International Meeting for Autism Research: Mouse Models of Autism to Discover Causes and Develop Treatments

Mouse Models of Autism to Discover Causes and Develop Treatments

Thursday, May 20, 2010: 8:30 AM
Grand Ballroom A-F Level 5 (Philadelphia Marriott Downtown)
8:30 AM
J. N. Crawley , Laboratory of Behavioral Neuroscience, National Institute of Mental Health, National Institutes of Health, Bethesda, MD
Searching for the causes and cures for autism depends on strong animal models.  As candidate genes linked to autism are identified, mice with targeted mutations of these genes are becoming available.  Model organisms offer useful translational tools to test hypotheses about single genes, chromosomal locus deletions, copy number variants, epigenetic DNA methylation, neuroanatomical abnormalities, immune dysfunctions, diets, environmental toxins, and other proposed causes of autism.  

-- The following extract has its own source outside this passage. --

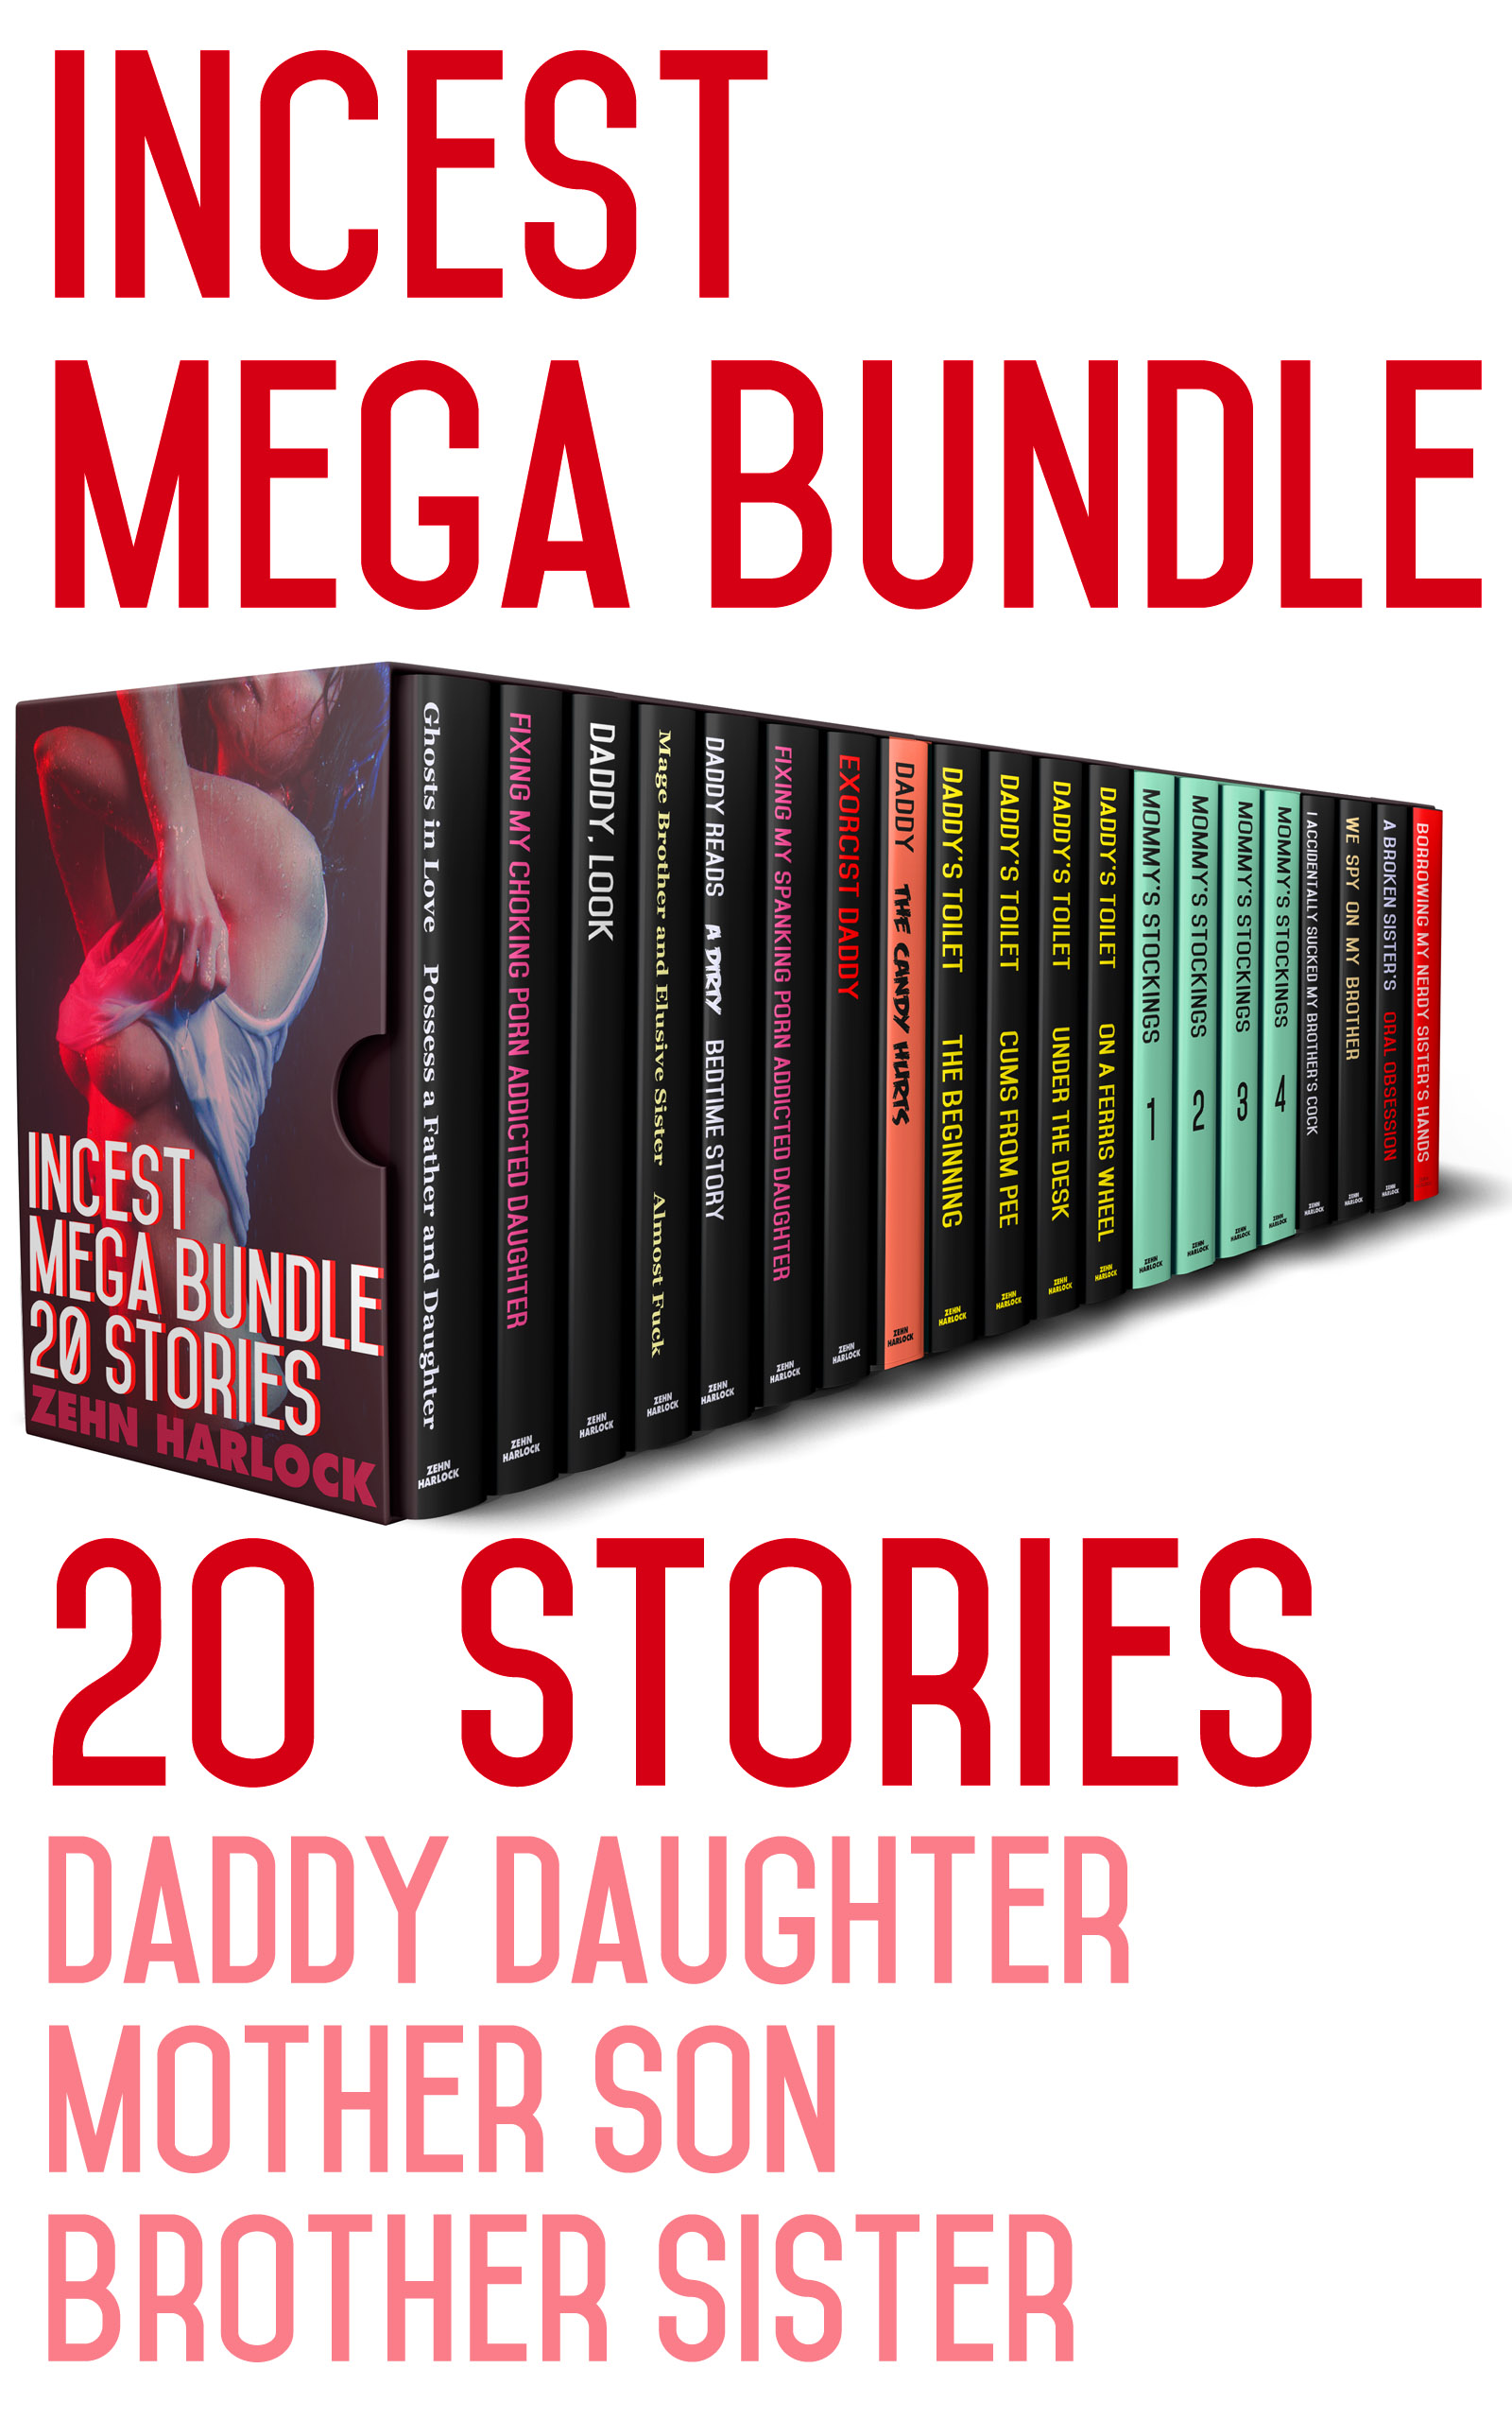 Nerd Brother And Sister Incest Porn - Incest Mega Bundle 20 Stories Daddy Daughter Mother Son Brother Sister, an  Ebook by Zehn Harlock

The key to successful translational applications is robust, highly replicable functional assays.  Our laboratory has generated a constellation of mouse behavioral paradigms with conceptual analogies to the three diagnostic symptoms of autism.  This presentation will focus on behavioral tests for mice that offer reasonable face validity to the defining symptoms of autism.  The core deficit in reciprocal social interactions is modeled longitudinally across developmental stages with juvenile and adult reciprocal social interaction scoring and automated social approach paradigms.  Communication in mice is investigated with measures of the emission, detection, and responses to olfactory and auditory social cues. Motor stereotypies, repetitive behaviors, insistence on sameness, and narrow restricted interests are analyzed in mice by quantitating spontaneous stereotyped motor behaviors, repetitive self-grooming, perseveration during the reversal phase of T-maze and Morris water maze spatial tasks, and restricted exploration of complex environments.  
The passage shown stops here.